The University of California, Los Angeles (UCLA) Center for Near Eastern Studies hosted a roundtable discussion last month titled, "After a Decade of the 'War on Terror': The Middle East, Human Rights and American Muslims." Sponsored by the UCLA School of Law Critical Race Studies Program, the event featured UCLA law professor Asli Bali, University of California, Santa Barbara sociology professor Lisa Hajjar, and American Civil Liberties Union (ACLU) Southern California attorney Ahilan Arulanantham. The audience of approximately twenty people was comprised mostly of law and graduate students, along with a few members of the community.
According to the introduction, the speakers were to "examine this decade on the war on terror in the broader context of the international community," but the two-hour event quickly descended into a forum for America-bashing. All three speakers called the existence of Islamic terrorism into question and, what's worse, behaved as if the attacks of September 11, 2001 never occurred.
Bali of UCLA Law began by framing the discussion around how "the war on terror has affected the international law community and American Muslims." She argued that the "war on terror has created a political entrepreneurial class that has benefited from the war" and called the Patriot Act a "violation of the Fourth Amendment" that has played out "quite viciously on the global stage." The U.S., Bali maintained, has been allotted extraordinary executive license and now has the "power to detain anyone, even U.S. citizens."
Presenting U.N. Resolution 1373—a counter-terrorism measure passed unanimously on September 28, 2001 to restrict the movement, organization, and fundraising activities of terrorist groups—as evidence of America's overarching power, Bali concluded that this "is a case in point of how the U.S. has sculpted and shifted the global community to do what they want." With no evidence, she then asserted that the American "and the Israeli government benefit economically from the resolution." In sum, Bali whitewashed the events of 9/11, bashed the U.S., and ignored countries that harbor Islamic terrorists.

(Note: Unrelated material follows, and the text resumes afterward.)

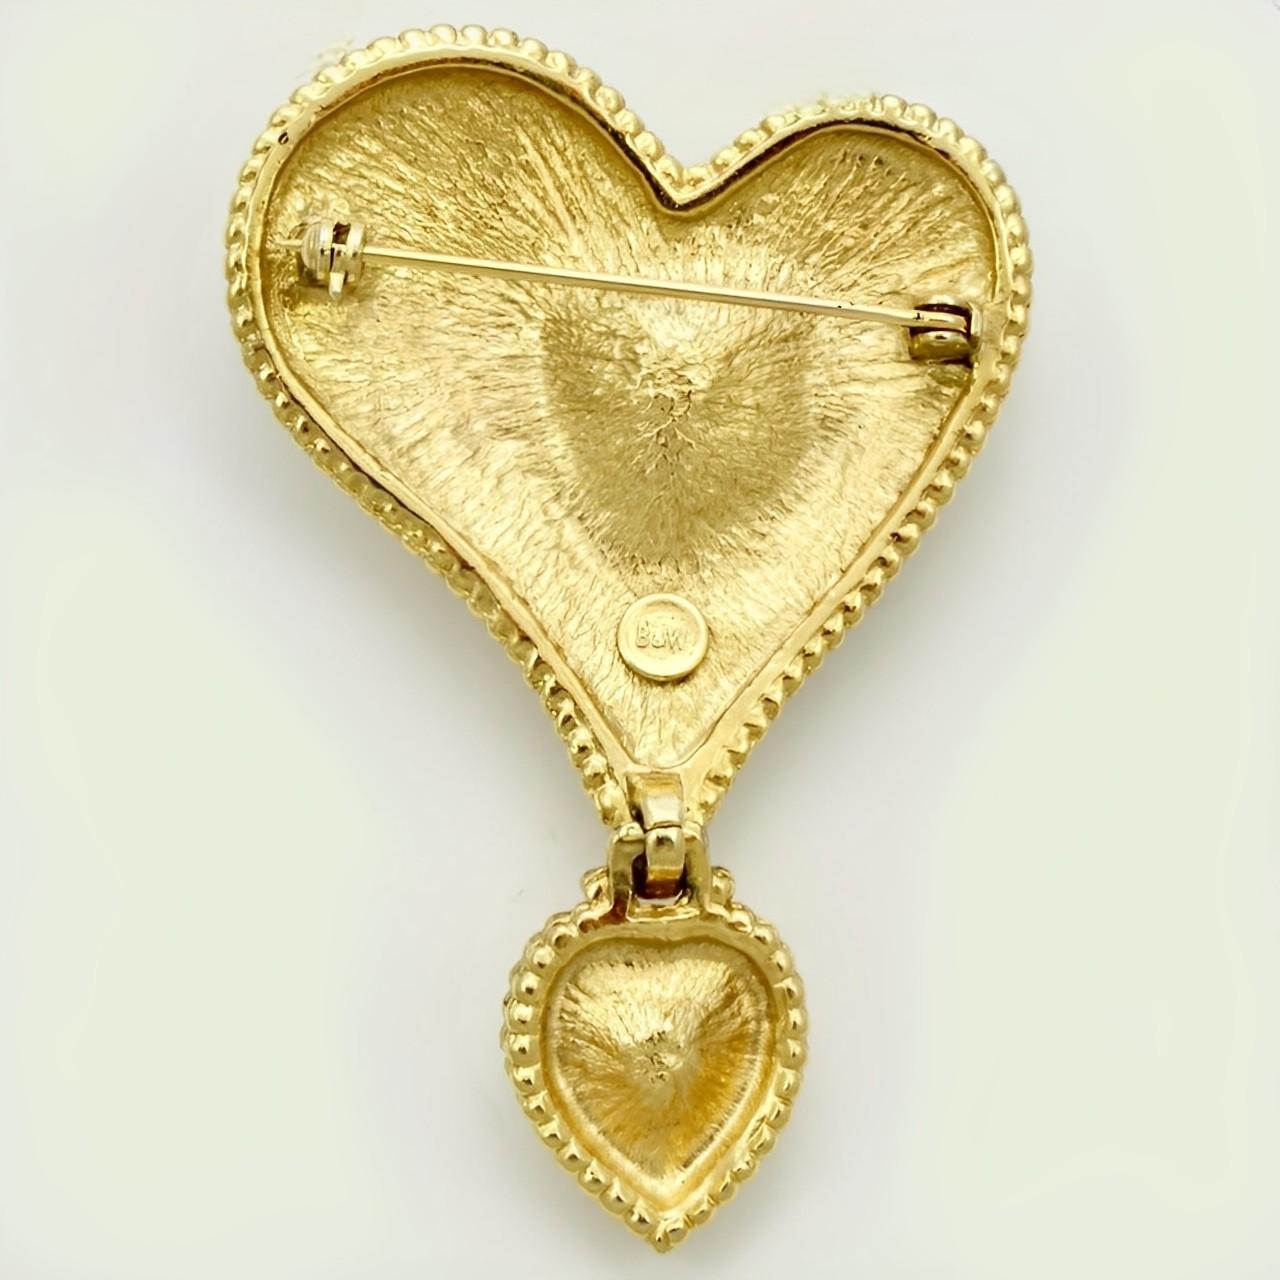 Large vintage Butler & Wilson gold plated double heart textured brooch, embellished with clear crystals. Circa 1980s. Measuring length 7.2 cm / 2.8 inches by maximum width 4.75 cm / 1.87 inches. The brooch is in very good condition. It will arrive

ACLU attorney Ahilan Arulanantham followed and called America's detention program abroad into question. Urging the U.S. to have "some sort of accountability for abusing and torturing humans," Arulanantham limned a portrait of America as a dictatorial state that "secretly detains people abroad." Building on Bali's insinuation that the U.S. conducts secret and illegal missions worldwide, he called upon the audience to "look into worldwide cases of people being secretly detained and tortured, some of whom are U.S. citizens." Labeling the U.S. "a surveillance industrial complex," Arulanantham advised audience members to obtain a "freedom of information act form in order to acquire information from the government about what is happening on your own campus." Arulanatham's paranoid assertion that the U.S. government, with the assistance of local FBI cells, is secretly "monitoring the lives of students on college campuses" illustrated the level of fear mongering at this event.
Lisa Hajjar of UC Santa Barbara focused on what she called "a sociological approach to the war on terror." She never explained what this analysis would entail, but instead went on a diatribe about the U.S. and the Bush/Cheney administration. "Bush and Cheney used targeted killings to torture and kill Muslim Americans," she stated, as well as lamenting the Obama administration's continuance of the same counterterrorism policies. From that point on, her talk focused mostly on prisoners in Bagram, Afghanistan. "It is a human right not to be tortured," she stated, before adding, "The U.S. government and Israel constantly break this rule." Overlooking the human right violated by terrorists on 9/11, Hajjar and her cohorts presumed that Islamic terrorism is an imaginary monster created by the West—particularly the U.S. and Israel—in order to achieve world domination.
Presenting the audience with photographs of inmates allegedly being tortured and humiliated by American guards at the Bagram detention camp and Guantanamo Bay, Hajjar ranted:
Dick Cheney, who had neither military experience nor any experience in torture tactics, spearheaded this movement. The CIA has virtually zero experience in torture tactics, but was given great license under Cheney.
She next asserted, inexplicably, that "people only need to torture or kidnap people when they have no concrete evidence." Concluding her slideshow with a photograph of a sleep-deprived Khalil Sheikh Muhammed, the mastermind behind 9/11, Hajjar expressed alarm over how "badly we tortured him." More alarming was Hajjar's sympathy for a man who played a direct role in the slaughter of thousands of innocent people.
The evening concluded with a brief question and answer session wherein audience members echoed the worries of the speakers and asked how to "get involved in the fight against torture." Not one person challenged the speakers.
The event offered nothing new regarding the war on terror, but rather trite tropes such as America as a "military state," America as the voracious imperial state, and America as a "surveillance industrial complex." These analogies evince a far greater problem in academia, where dissent is only patriotic if aimed at the West. A truly courageous act in such a setting would examine the forbidden topic of Islamic terrorism and the apologetic stance of today's professors.